News In Brief

Vermont Bishop Moves to Protect Parishes

BURLINGTON, Vt. — To protect Vermont’s 128 parishes and missions from “unjust attack,” Burlington Bishop Salvatore Matano has placed each under a charitable trust. That means the titles to all parishes, once in the name of the Roman Catholic Diocese of Burlington Inc., are now in the name of the parishes with the bishop as trustee.

“We are doing this to preserve parish assets as parish assets,” said Father John McDermott, chancellor. “The bishop and the diocese have a guardian role for the assets and must assure that they are used for the intentions which were the very source of their establishment.”

In a letter to all parishioners in the diocese, Bishop Matano said the action was taken “to protect these parish facilities from unjust attack and to ensure that the parishes have the freedom to continue their ministries and that the monies raised to support these entities are not diverted to or transferred for other purposes inconsistent with the charitable mission of the parish and the diocese.”

(CNS)

Graduates Receive ‘Supreme’ Advice

WASHINGTON — In separate speeches in Washington, D.C., the chief justice of the United States and an associate Supreme Court justice offered advice to graduating law students and members of Congress, while providing a glimpse into the court’s workings.

In a brief, mostly lighthearted address that dealt primarily with the role of consensus and disagreement within the court, Chief Justice John Roberts, a Catholic, told Georgetown University law graduates May 21 that in a society governed by the rule of law, being a lawyer is a special calling. He urged the graduates to “protect the rule of law while resisting temptation to substitute the rule of lawyers,” adding, “There is a difference.”

At a luncheon earlier in the week hosted by the National Italian American Foundation, Associate Justice Antonin Scalia, also a Catholic, took Congress to task for trying to shape how the court makes its decisions, particularly with legislation dealing with the influence of foreign court rulings on U.S. jurisprudence.

(CNS)

Catholic-Lutheran Dialogue Discusses Eternal Life

WASHINGTON — Catholic and Lutheran scholars discussed death, judgment and resurrection at a four-day session of the U.S. Lutheran-Roman Catholic Dialogue. The April 20-23 meeting in Phoenix was the second session of the 11th round of the dialogue. The theme for this round is “The Hope for Eternal Life.”
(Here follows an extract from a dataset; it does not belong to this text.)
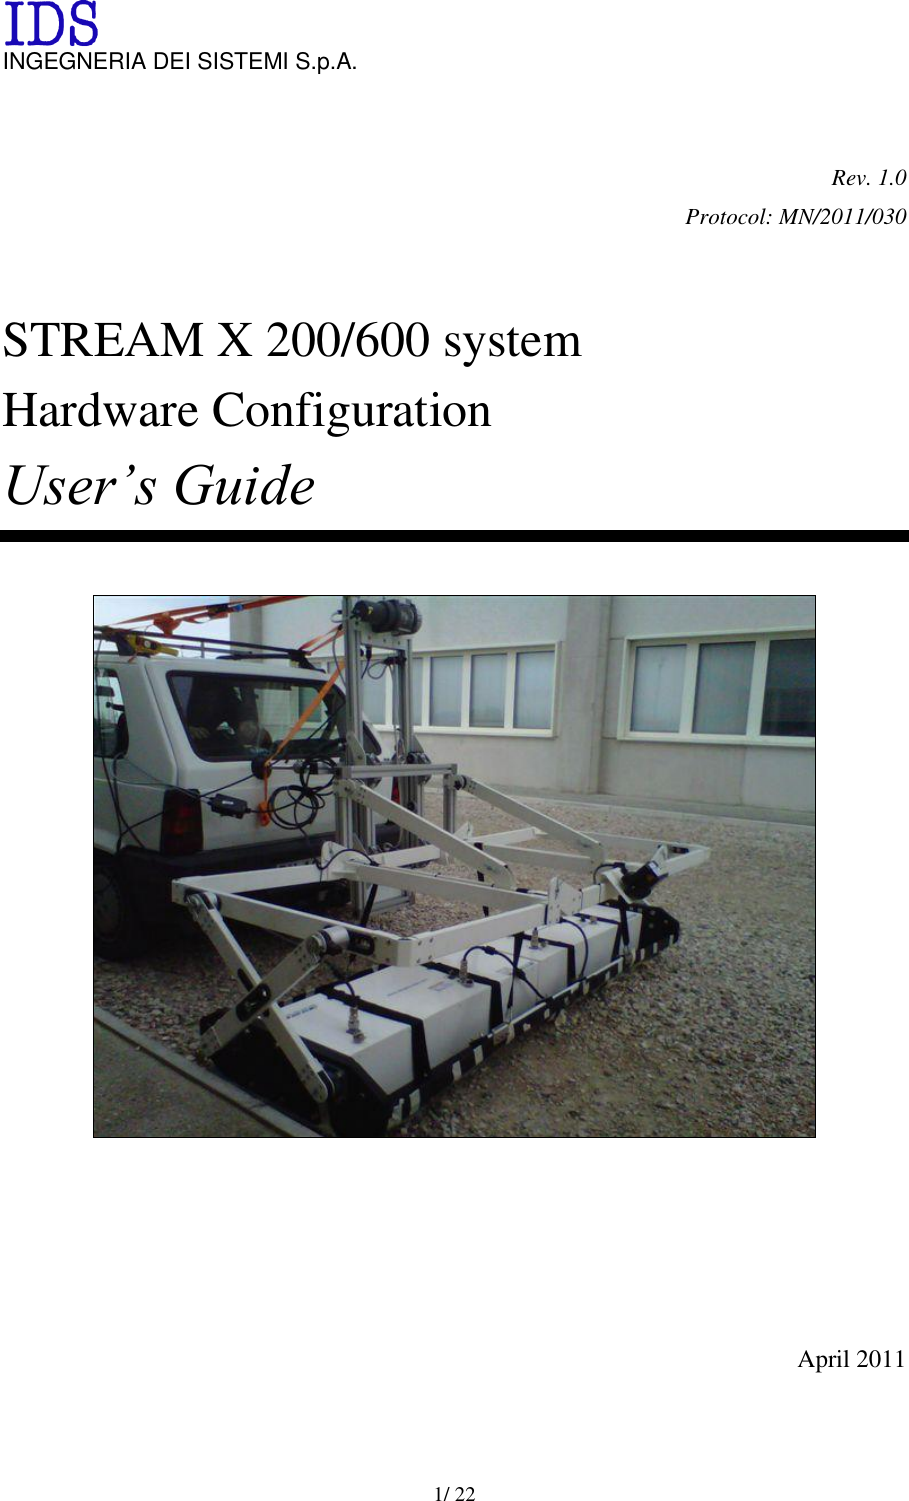   1/ 22   INGEGNERIA DEI SISTEMI S.p.A.   Rev. 1.0 Protocol: MN/2011/030   STREAM X 200/600 system Hardware Configuration User’s Guide        April 2011 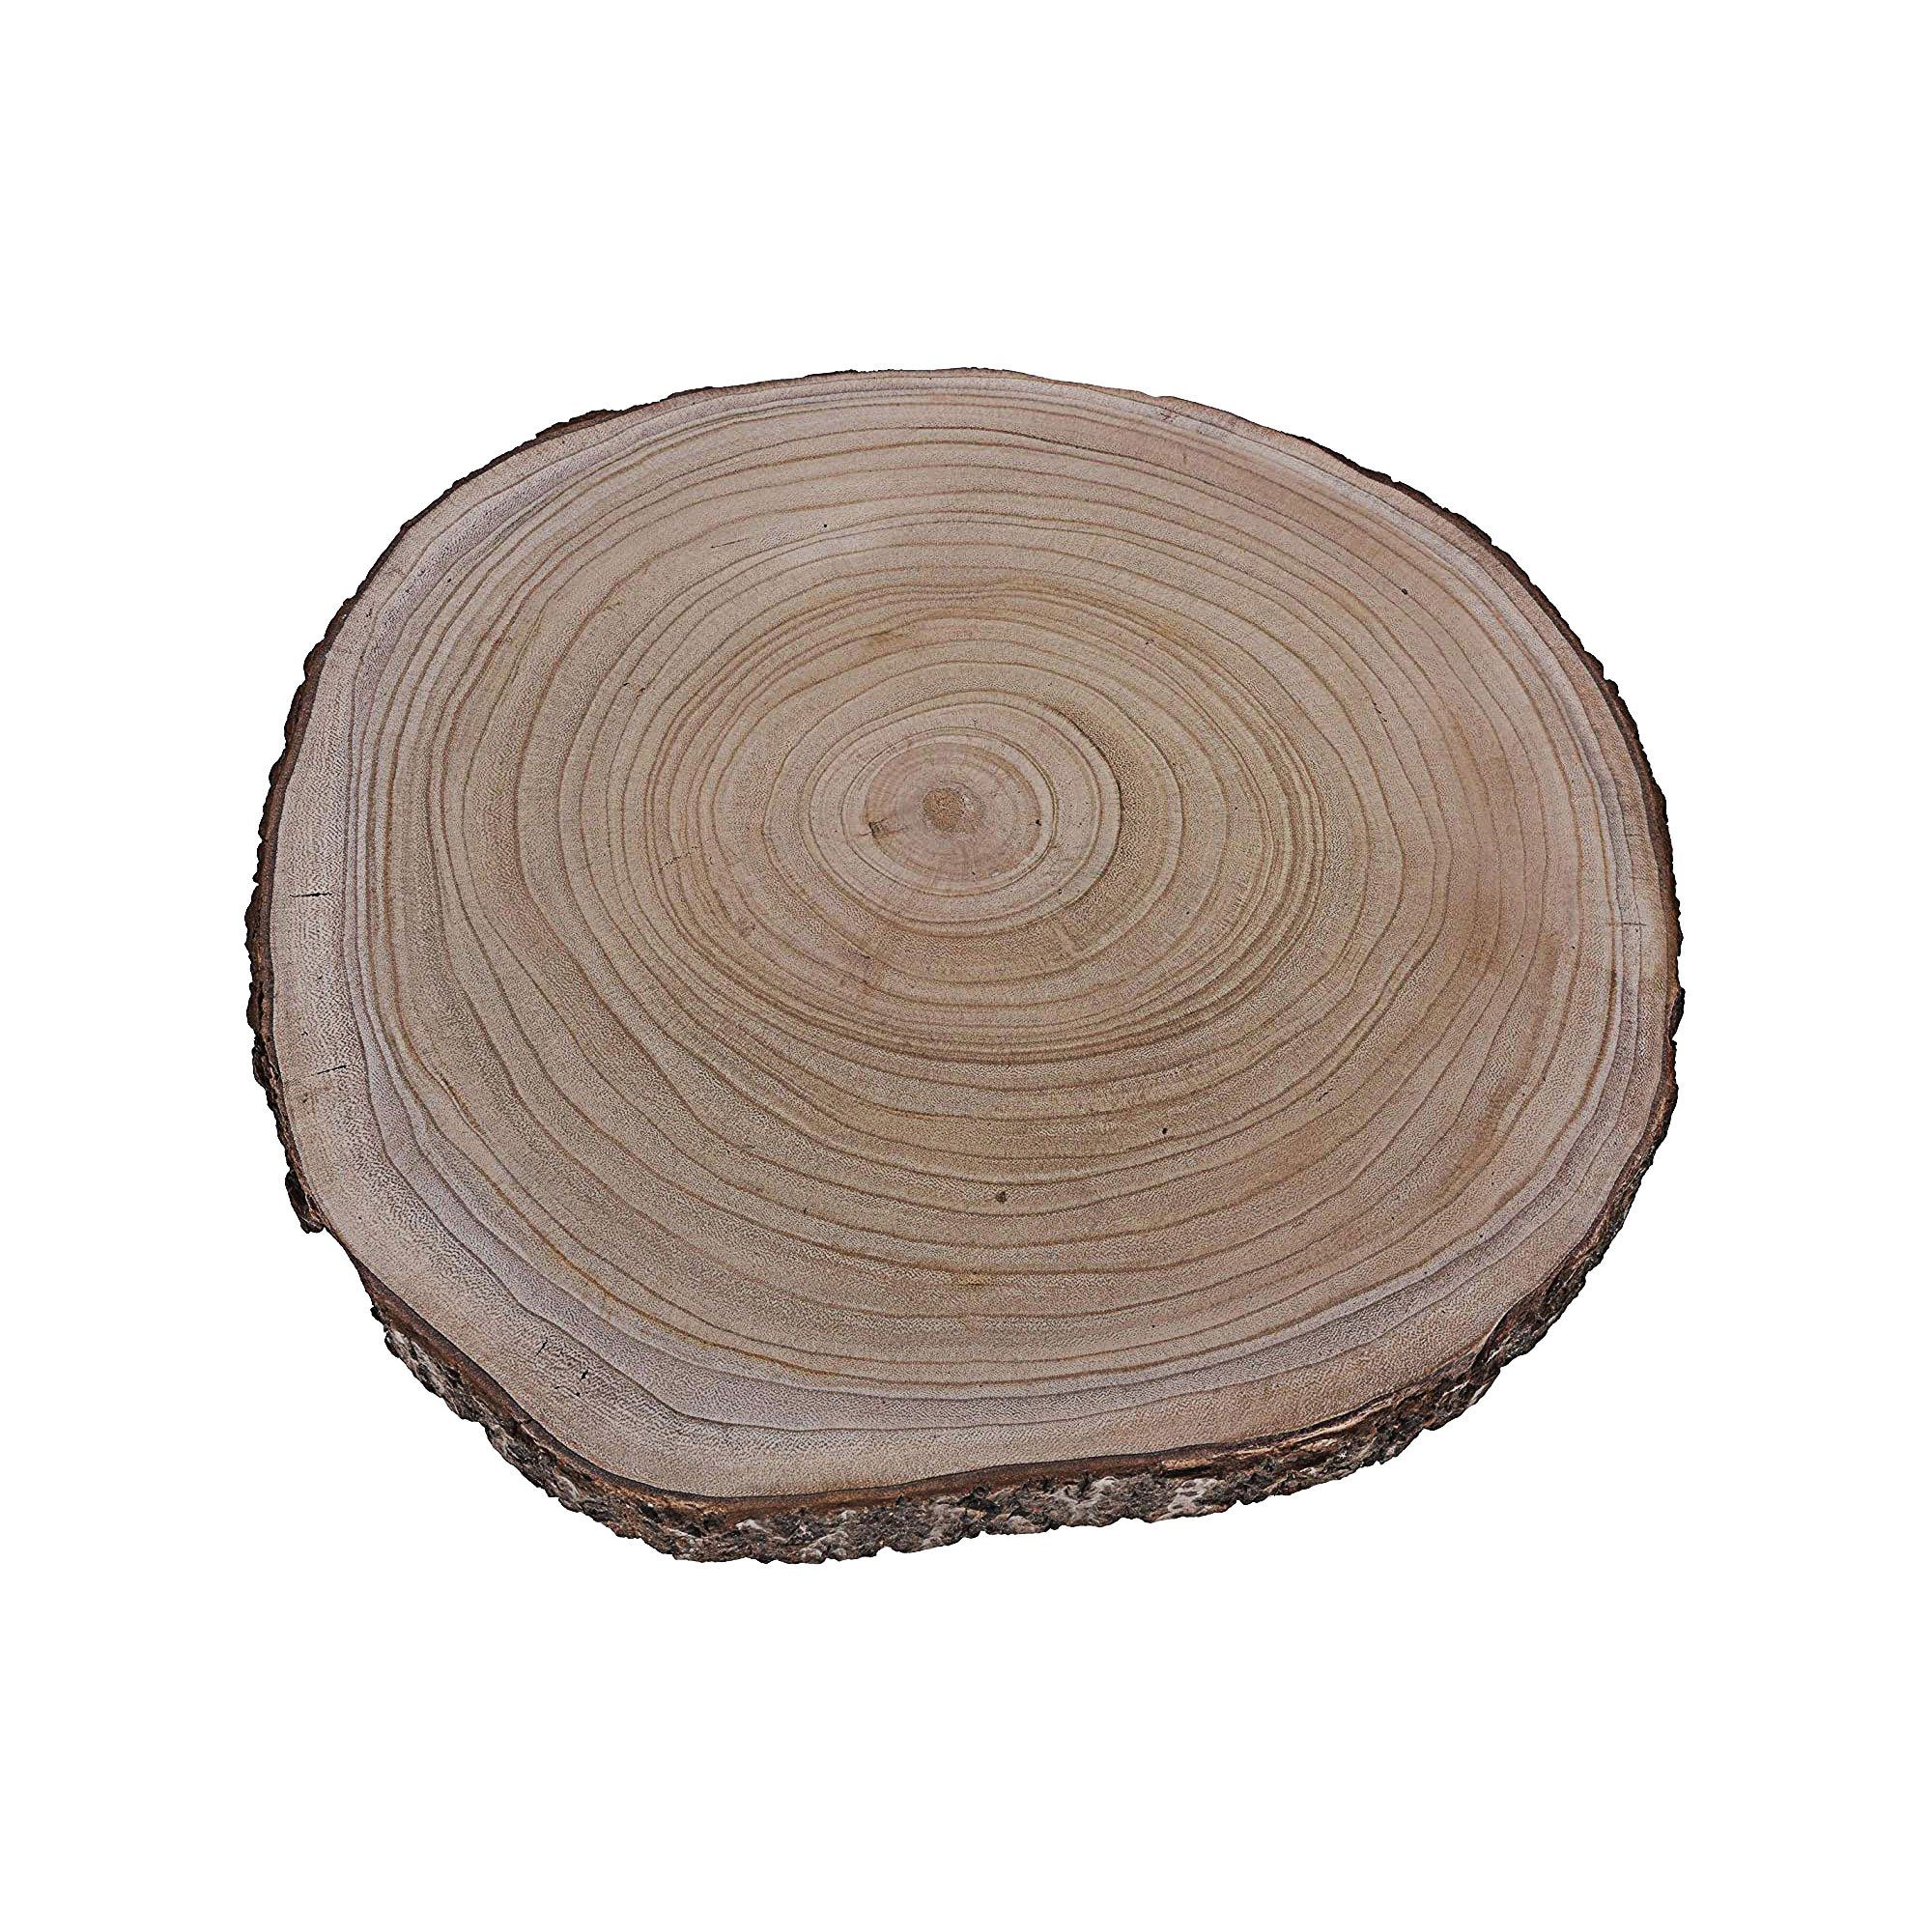 Holzplatte CEPEWA Paulownia 44,5x2,5cm Holzscheibe Dekoschale Baumscheibe Holzmaserung

Among questions the group plans to address in future sessions are Catholic-Lutheran differences over issues relating to life after death, including purgatory, indulgences and Masses and prayers for the dead. “The members of the dialogue team have established solid foundations for further discussion and development,” said the Rev. Lowell Almen, secretary of the Evangelical Lutheran Church in America and Lutheran co-chairman of the dialogue.

Auxiliary Bishop Richard Sklba of Milwaukee, Catholic co-chairman, said, “One of the more illuminating and instructive aspects of the meeting was the manner in which both Lutheran and Catholic scholars were able to reflect on the developing history of their own respective practices since the Reformation.”